On the farm one usually begins and finishes a piece of work whether it be a hay-rack or a barn; he sees it through—the whole of it receives expression in him. It is his piece of work and it faces him as he has to face it. The tendency is for both to be "honest." If there were so much brightness and variety in days gone by, when all work was done by hand, how much better the situation can be now and in the future, when inventions and machines have come to the rescue of the laborer, and when the hours of toil have been so materially shortened!
The Larger Environment.—There is no doubt that a large and varied environment is conducive to the growth of a strong and active personality. If one has to adjust himself at every turn to something new, it will lead to self-activity and initiative, to ingenuity and aggressiveness. If tadpoles are reared in jars of different sizes, the growth and size of each will vary with the size of the vessel, the smallest jar growing the smallest tadpole, and the largest jar the largest tadpole. It is fighting against the laws of fate to attempt to rear strong personalities in a "flat" or even in a fifty-foot lot. They need the range of the prairies, the hills, and the woods. Shakespeare was born and brought up in one of the richest and most stimulating environments, natural and social, in the world; and this, no doubt, had much to do with his matchless ability to express himself on all phases of nature and of mind. Large and varied influences, while they do not compel, at least tend to produce, large minds; for they leave with us infinite impressions and induce correspondingly varied reactions and experiences. Under such conditions a child is reacting continually and thus becoming active and efficient. He is challenged at every turn, and if stumbling blocks become stepping stones, the process is the very best kind of education.
Games.—There are excellent opportunities in the country for all kinds of games, for there ample room and many incentives to activity present themselves. In the city, children are often content with seeing experts and professionals give performances or "stunts," while they, themselves, remain passive. In the country there are not so many attractions and distractions—so many dazzling and overwhelmingly "superior" things—that children may not be easily induced to "get into the game" themselves. I fear that in recent years owing to imitation of the city and its life, play and games in the country have become somewhat obsolete. There needs to be a renaissance in this field. We have been offered everywhere in recent years so much of what might be called the "finished product" that the children are content merely to sit around as spectators and watch others give the performances.

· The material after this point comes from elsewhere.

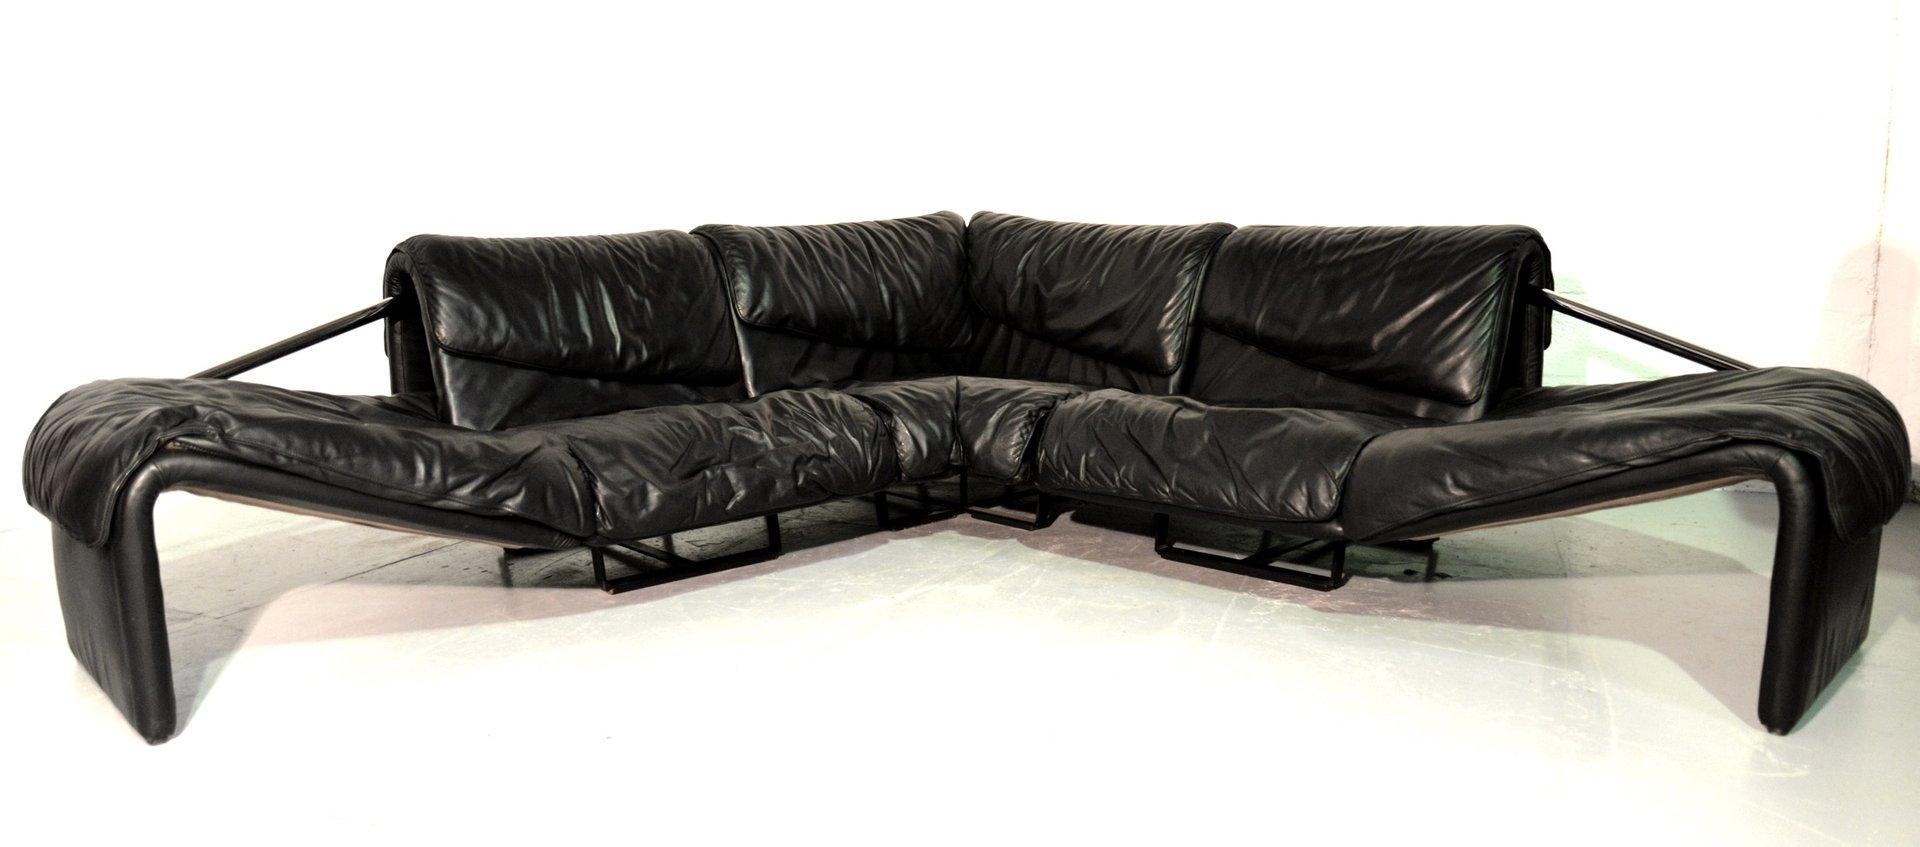 leather corner sofa spain karlstad cover isunda gray inmotion from de sede 1970s for sale

As in the case of the rural school the play instincts of country children must be awakened again in behalf of rural life in general. There are scores of games and sports, from marbles to football, which should receive attention. In recent years the social mind, in all sports, seems to be directed to the result, the winning or losing, instead of to the game, as a game, and the fun of it all. True sportsmanship should be revived and cultivated. There is no reason why there should not be found in every neighborhood, and especially at every school center, all kinds of plays and games, each in its own time and place and having its own patronage—marbles, tops, swings, horseshoes, "I spy," anti-over, pull-away, prisoner's base, tennis, croquet, volley ball, basketball, skating, coasting, skiing, baseball, and football. Horizontal bars, turning pole, and other apparatus should be provided in every playground. In the social centers, if the boys can be organized as Boy Scouts, and the girls as Camp-Fire Girls, good results will ensue.
Many more plays and games will suggest themselves, and those for girls should be encouraged as well as those for boys. All the aspects of rural life can thus be made most enjoyable. It is often well to introduce and cultivate one game at a time, letting it run its course, something like a fever, and then, at the psychological moment, introduce and try out another. To introduce too many at one time would not afford an opportunity for children to experience the rise and fall of a wave of enthusiasm on any one, and this is quite important. Usually some direction should be given to play, but this direction should not be suppressive, and should be given by a leader who understands and sympathizes with child nature.
Inventiveness in Rural Life.—In the city, where everything is manufactured or sold ready-made, a person simply goes to the store and buys whatever he needs. In the country this cannot be done, and one is driven by sheer necessity to devise ways and means of supplying his needs, himself. He simply has to invent or devise a remedy. Necessity is the mother of invention.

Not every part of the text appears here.